BEGIN DATA SHOWN
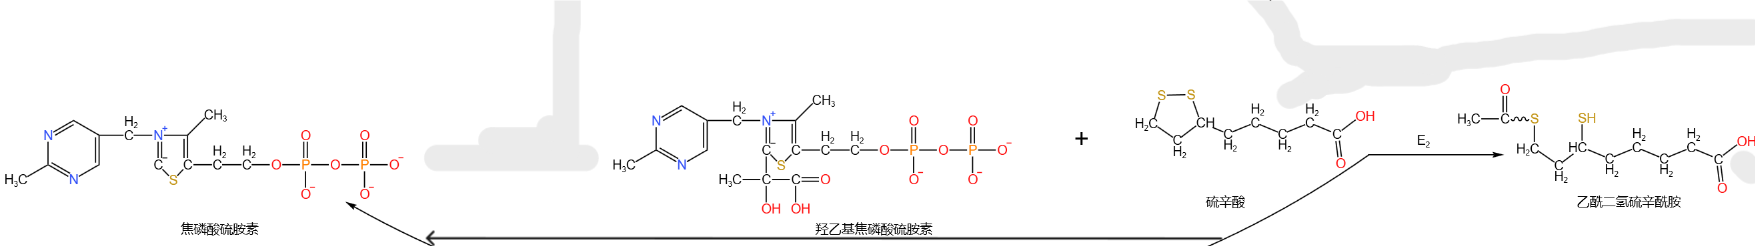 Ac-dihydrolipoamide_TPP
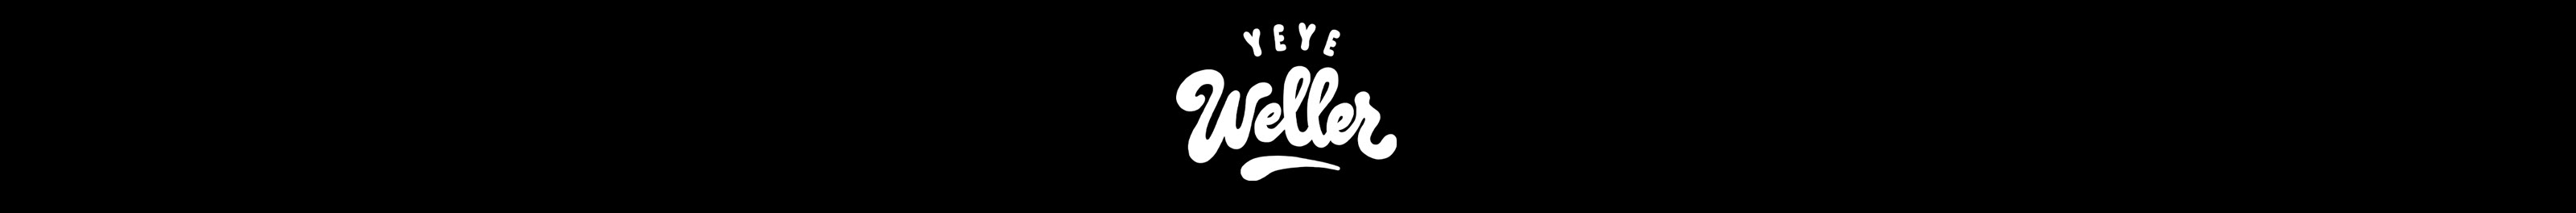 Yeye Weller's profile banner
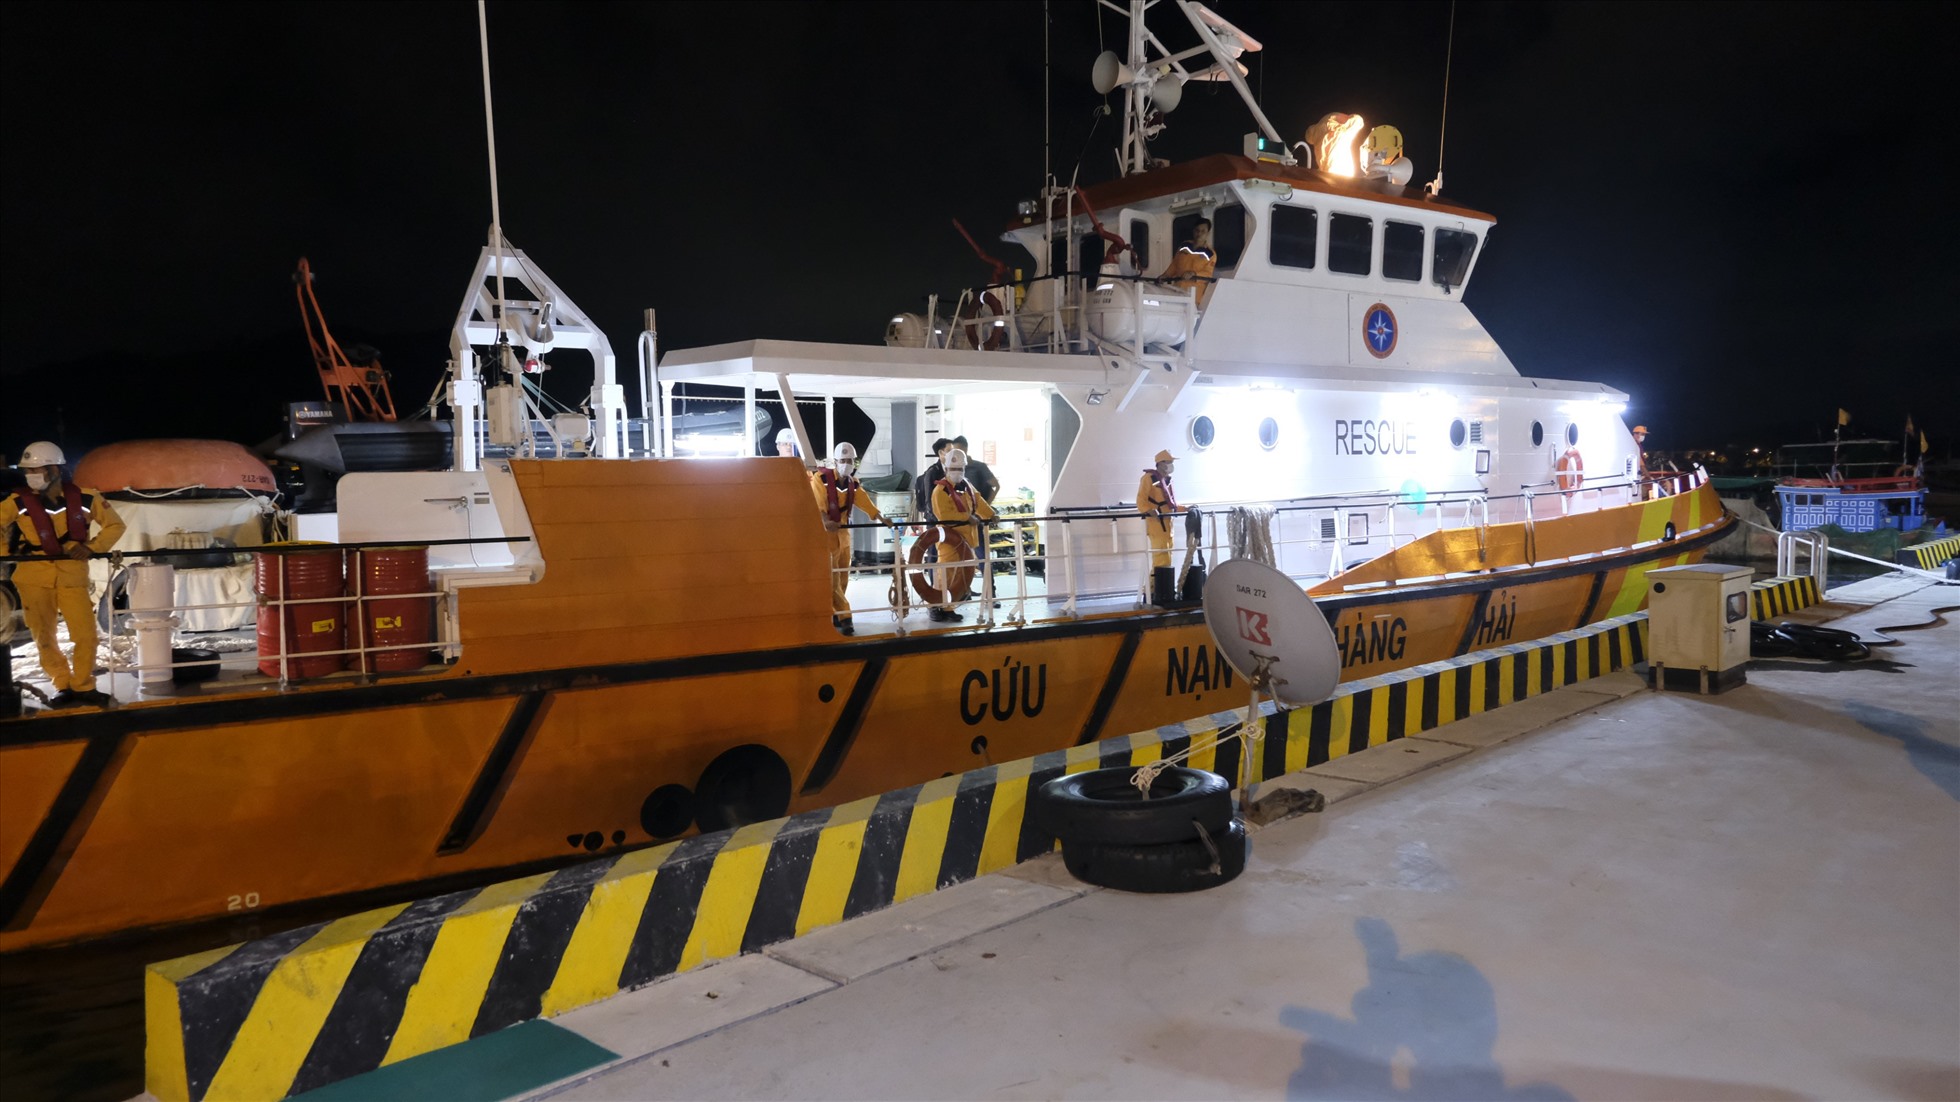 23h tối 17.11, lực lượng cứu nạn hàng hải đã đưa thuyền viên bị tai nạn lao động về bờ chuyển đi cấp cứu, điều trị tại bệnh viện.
END DATA SHOWN
§ **EXERCISE REQUIREMENTS**
Your answer must be the lines from the one containing "Yeye Weller's profile banner" through the last line of the listing above, restated word for word, with no pictures.

§ **EXERCISE SOLUTION**
 Yeye Weller's profile banner
 23h tối 17.11, lực lượng cứu nạn hàng hải đã đưa thuyền viên bị tai nạn lao động về bờ chuyển đi cấp cứu, điều trị tại bệnh viện.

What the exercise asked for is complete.